My trusty 13-inch late 2011 MacBook Pro has finally had enough and called it a day after 11 years of loyal service.

Late last week while I was quietly watching a film, the screen started glitching out of nowhere and the Mac started beeping 3 times at 2-second intervals before either shutting down or restarting. This has been happening non-stop since last week. If I’m really lucky, I can maybe get 5 or 10 minutes of usage before the bugger starts again. Sometimes it’s glitching and beeping, sometimes it’s glitching alone and other times it’s just the beeps.

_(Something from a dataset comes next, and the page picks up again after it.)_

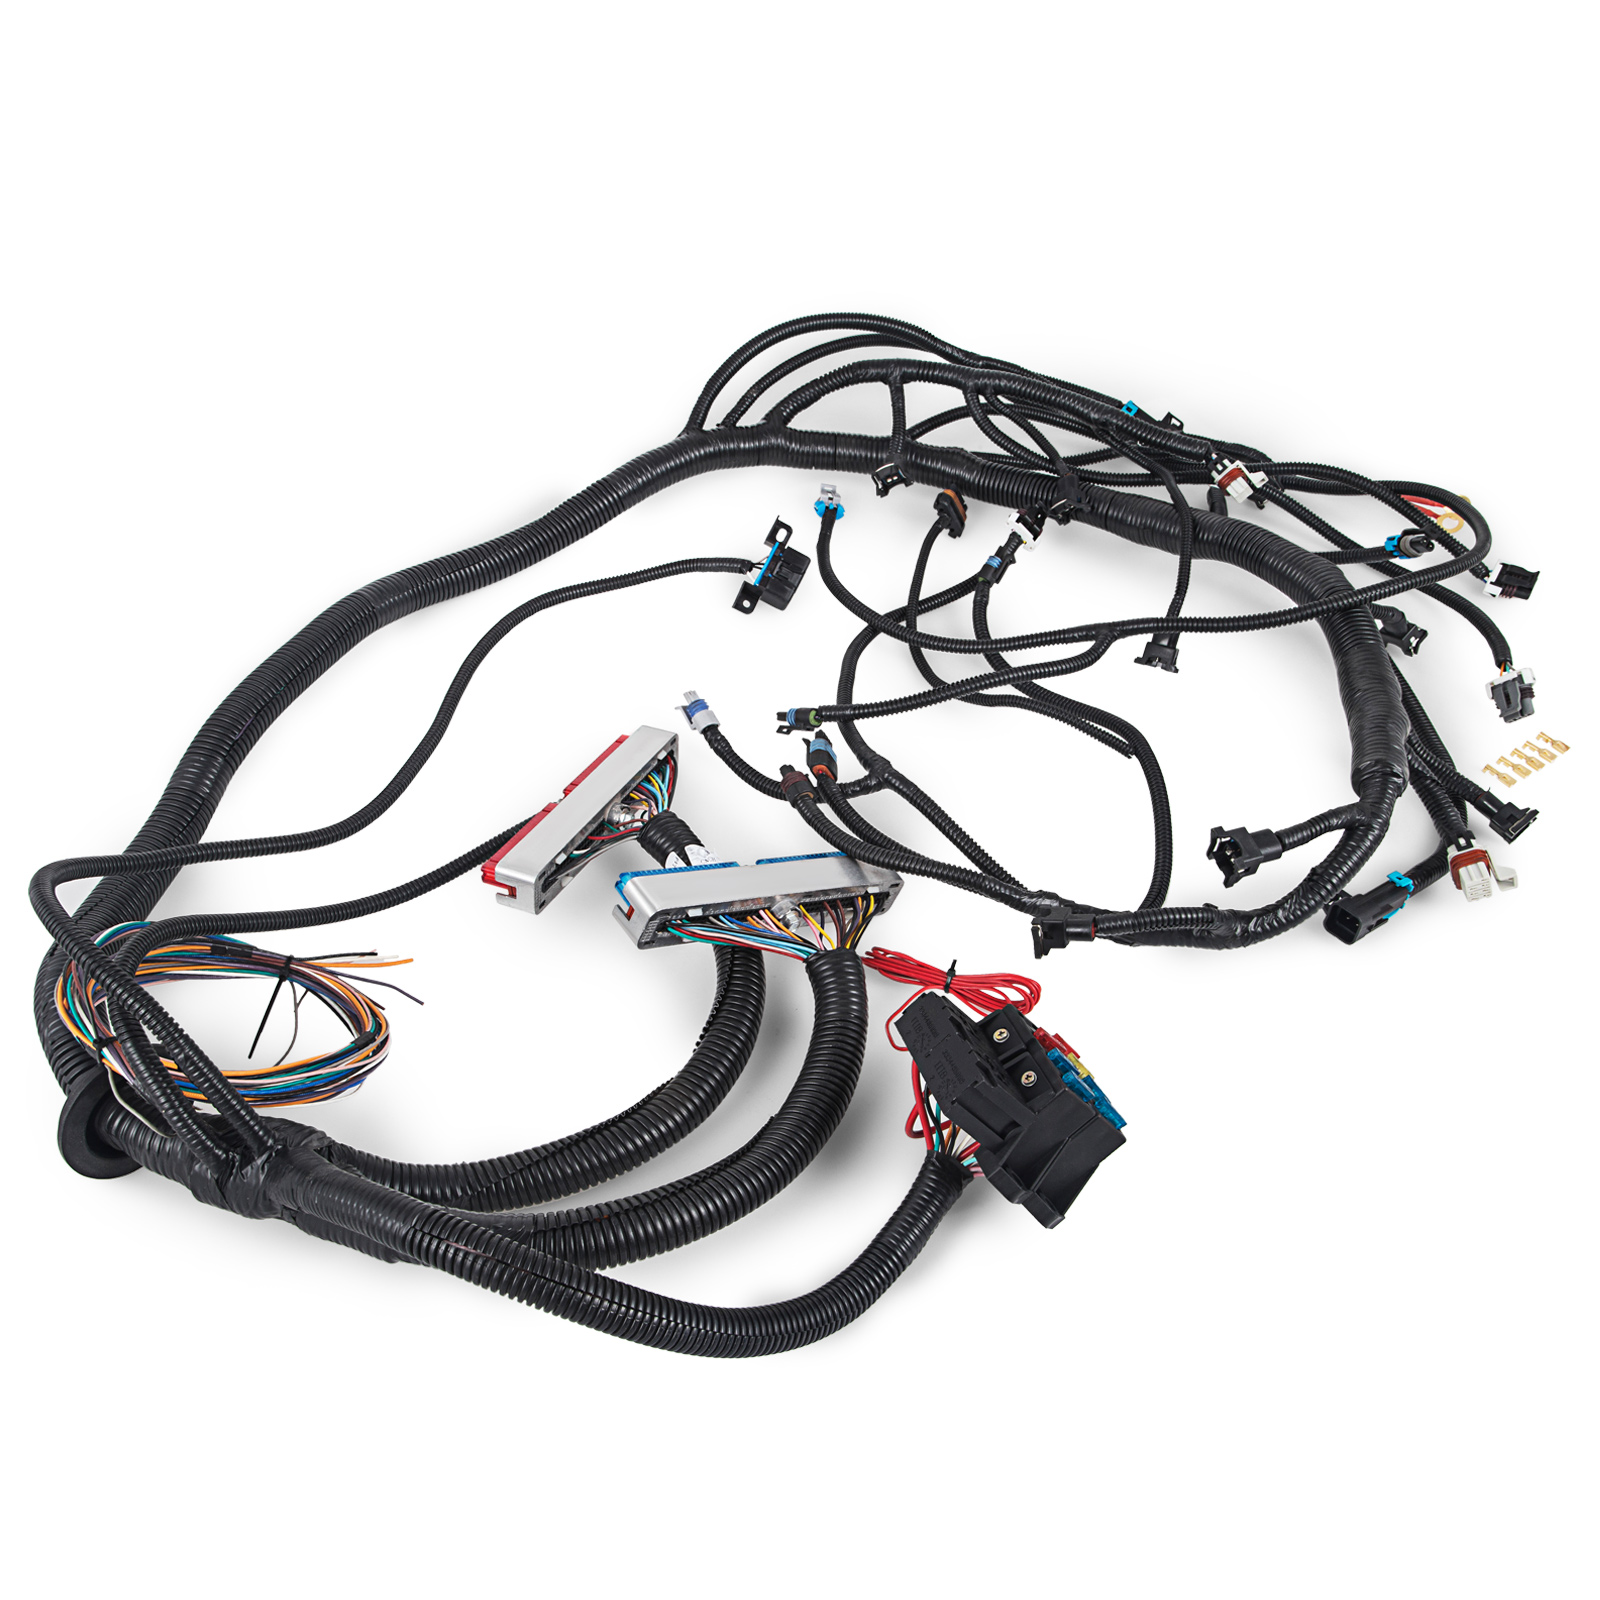 d530-3 Underhood Wiring Harness Ls on ls1 fuel rail, stock ls1 harness, ls1 engine harness, ls1 carburetor, ls1 fuel pressure regulator, ls1 wheels, ls1 swap harness, ls1 pulley, ls1 fuel line, 2000 ls1 harness, ls1 brakes, ls1 power steering pump, ls1 ignition wire terminals, 68 camaro ls1 wire harness, ls1 exhaust, ls1 fuel filter, custom ls1 harness, ls1 oil cooler, ls1 driveshaft,

I’ve tried reseating the RAMs, switching RAMs, trying one RAM at a time in each slot, trying factory RAMs, trying entirely new RAMs … nothing helps. Ditto same tests in safe mode, and the Mac is still glitching and/or beeping. Working from the hypothesis that it’s a hardware issue, I ran Apple Service Diagnostics 3S148 in both OS and EFI modes but all tests came back normal. I’ve reset the PRAM and SMC more times than I care to count to no avail.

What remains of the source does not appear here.